Because if God is communion, then the Church is called to be a community of welcome. If God makes room at the table, then the Church is called to be the kind of community where people can discover that there’s room for them, too.
A parish church, like St. Mary’s, is meant to be an example of divine welcome. Not a closed circle or a private club. But a living sign of the God whose love always makes room.
And we widen the circle in all kinds of ways: every time we welcome someone looking for a place to belong, every time we make room for a child, every time we gather around the font, every time we feed a neighbor or share a meal, every time we notice someone standing alone and invite them to sit with us.
Every time we say, in word or deed, “There is room for you here.”
This is especially important at a time like this, when so many people feel isolated and alone, wondering if there’s a place for them anywhere.
Unfortunately, the Church has not always been good at reflecting the open table of God’s love.
Too often, Christians have guarded the entrance. Too often, we have made the circle smaller and acted as though God’s love was scarce, as though grace needed to be rationed or earned.

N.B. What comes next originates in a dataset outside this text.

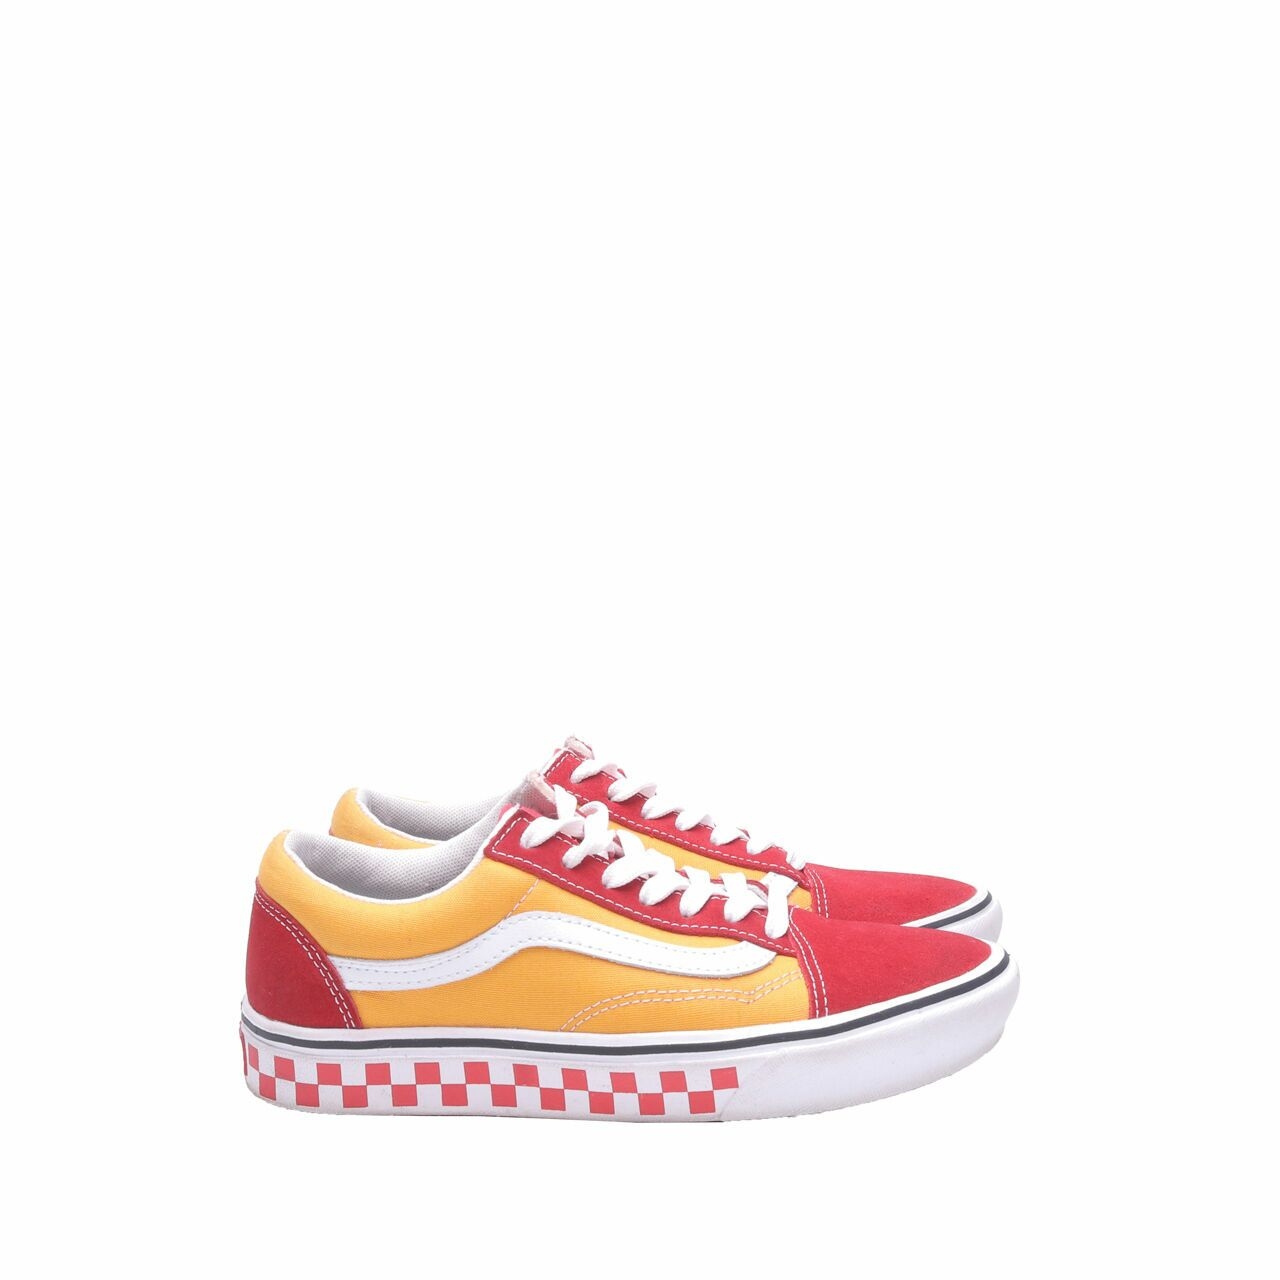 Vans Comfycush Old Skool Red & Yellow Sneakers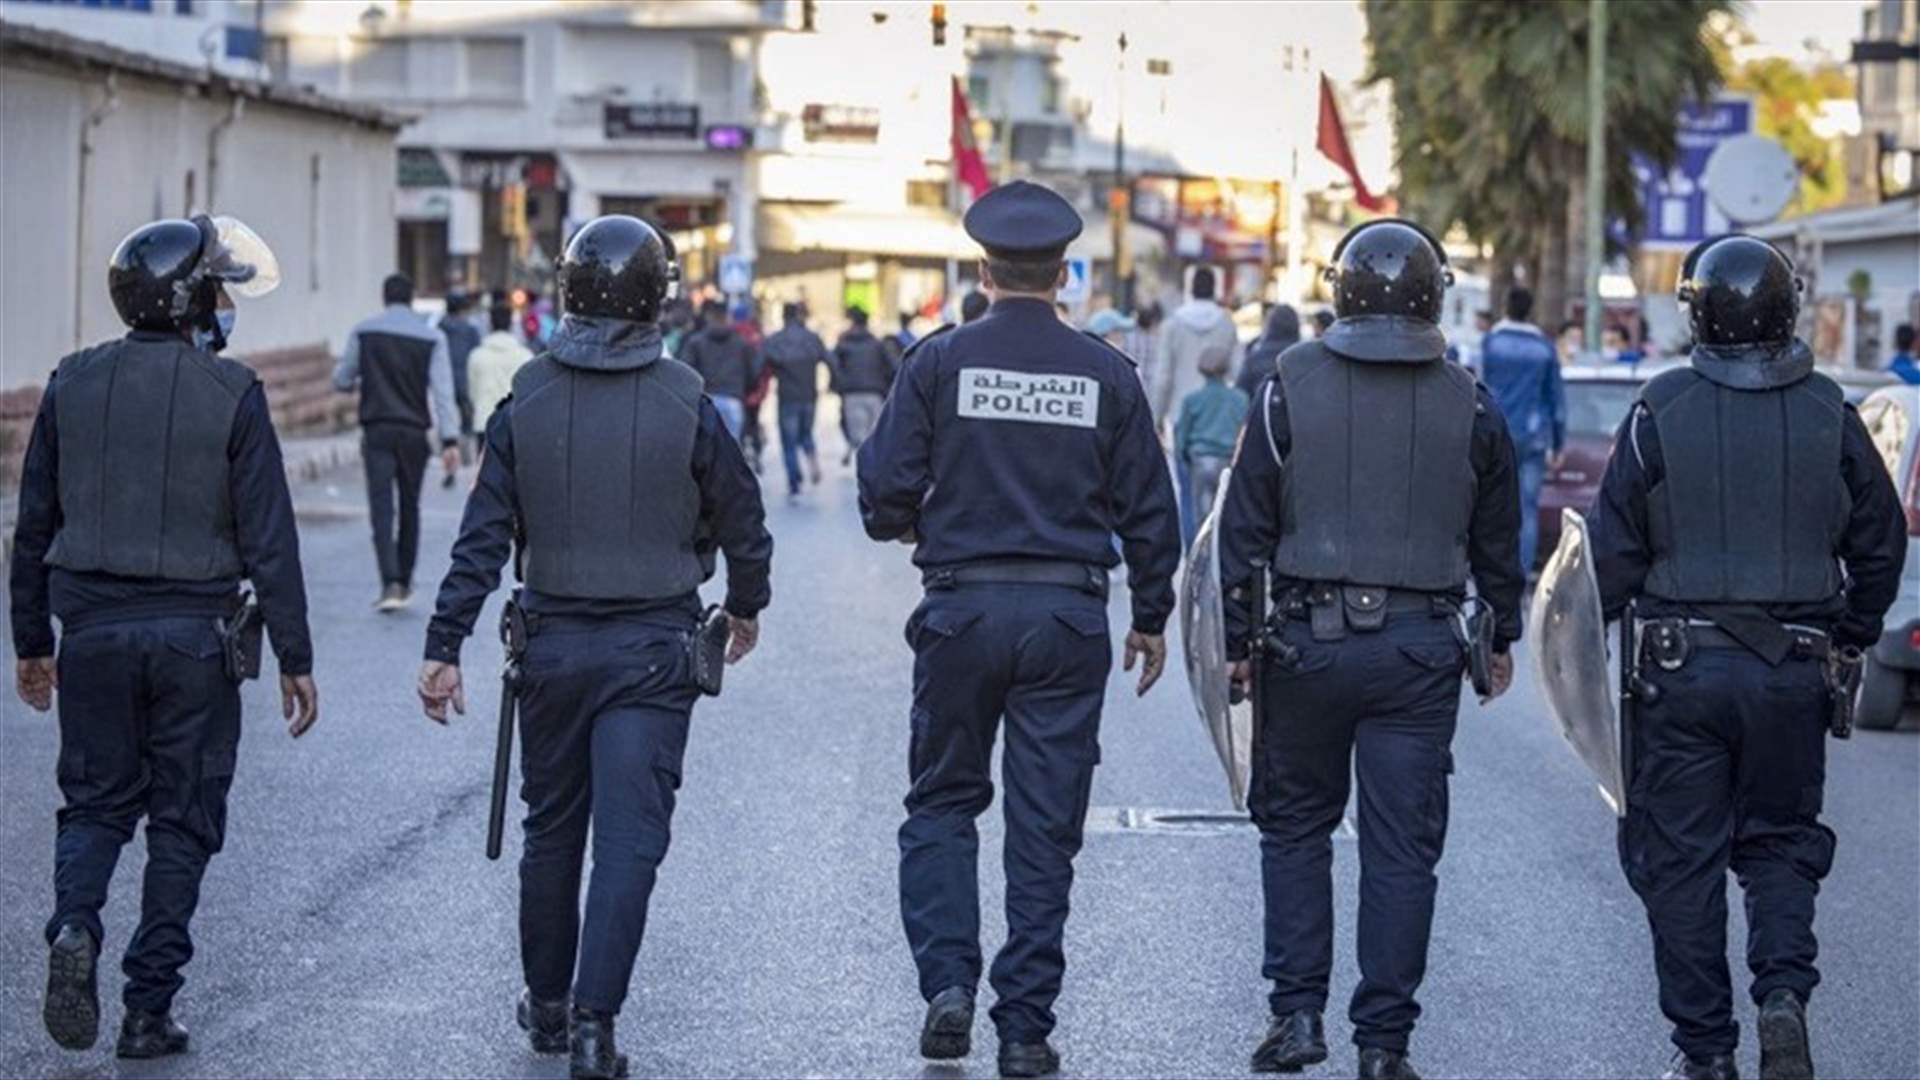 وفاة 19 شخصاً في المغرب بسبب تناولهم مشروبات كحولية فاسدة

But the Trinity tells us something different.
The Trinity tells us that at the heart of God is a love that overflows and never ends.
A love that creates, redeems, and sustains.
A love that invites us to share in the divine life.
At the very end of Matthew’s Gospel, after giving them the Great Commission, Jesus says to his disciples, “And remember, I am with you always, to the end of the age.”
That’s important for us to remember.
The disciples are not sent out alone. The One who sends them also goes with them.
And the same is true for us.
Wherever we go, Christ goes with us. We never walk this Christian way of life alone. The One who sends us forth walks beside us.
We don’t have to have every answer figured out. We don’t have to be able to explain every mystery.
We are simply called to live as people who have been drawn into the love of God, and then to make room for others in that same love.
So maybe this Trinity Sunday, instead of trying to solve the mystery, we might simply receive the invitation.
Look again at the icon.
See the table. See the circle of love and the open space for you and me. And hear the invitation of the Triune God:
There is room for you here.
And then hear the call of Jesus:
Go forth.
Make room for others.
Widen the circle.
Because the life of God is communion.
The mission of the Church is invitation.
And the table of God’s love is wider than we can possibly imagine. Amen.